My mom, a Democrat, along with my Dad, a Republican, were deeply disturbed by
Terry’s lonely and agonizing death. With my dad’s loving support, my mom set out to do something about it.

My mom joined AIDS Project Los Angeles. This woman from the suburbs and six gay men met in a house in West Hollywood to develop the first Buddy  program. They became leaders on the front line of AIDS.

The Buddy program did exactly as its name suggests. You took care of someone.  You made a friend. You built a bridge.

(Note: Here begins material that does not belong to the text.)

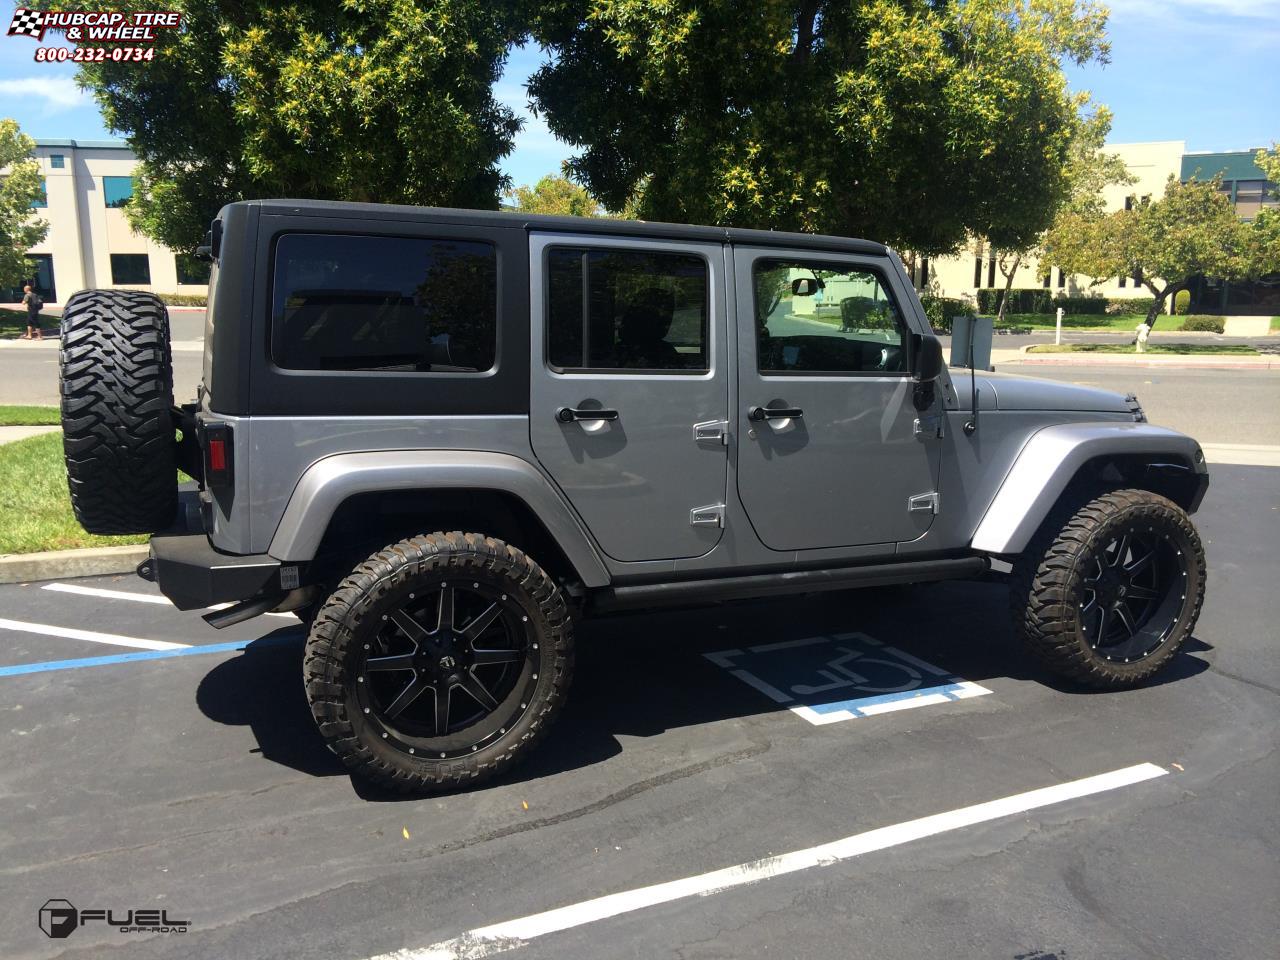 vehicle gallery/jeep wrangler fuel maverick d538 22X10  Black & Milled wheels and rims

Little was known about the disease. Could you catch it from touch, being close to someone who had it? It didn’t matter to my mom or the other “buddies.” They held the hands of those dying from this awful disease. They talked, and perhaps most importantly, they listened. They were with these men as they took their last
breath.

For my mom’s efforts, she received AIDS Project Los Angeles’ highest award, the Humanitarian of the Year.  She got her own float in the gay pride parade. Certainly a first in my neighborhood.  I proudly joined my dad and brothers to watch as she was honored at a big gala.  There she was, with three sons, none of whom were gay, speaking out for not just gay people, but all people. What started with seven people in West Hollywood would ultimately grow into an organization that reached millions.

So on Mother’s Day, I look back over the landscape of my life and witness my mom’s influence.  This suburban mom dared to step out of her safe world of Pat Boone and into the unknown and frightening world of AIDS.

Now my wife and I are new parents. We stare into our daughter’s eyes every day with sheer wonder.  I want to teach her the lessons my mamma taught me – to care for one another, no matter the risk.

More than sending a card, that is perhaps the best way to honor my mom this Mother’s Day.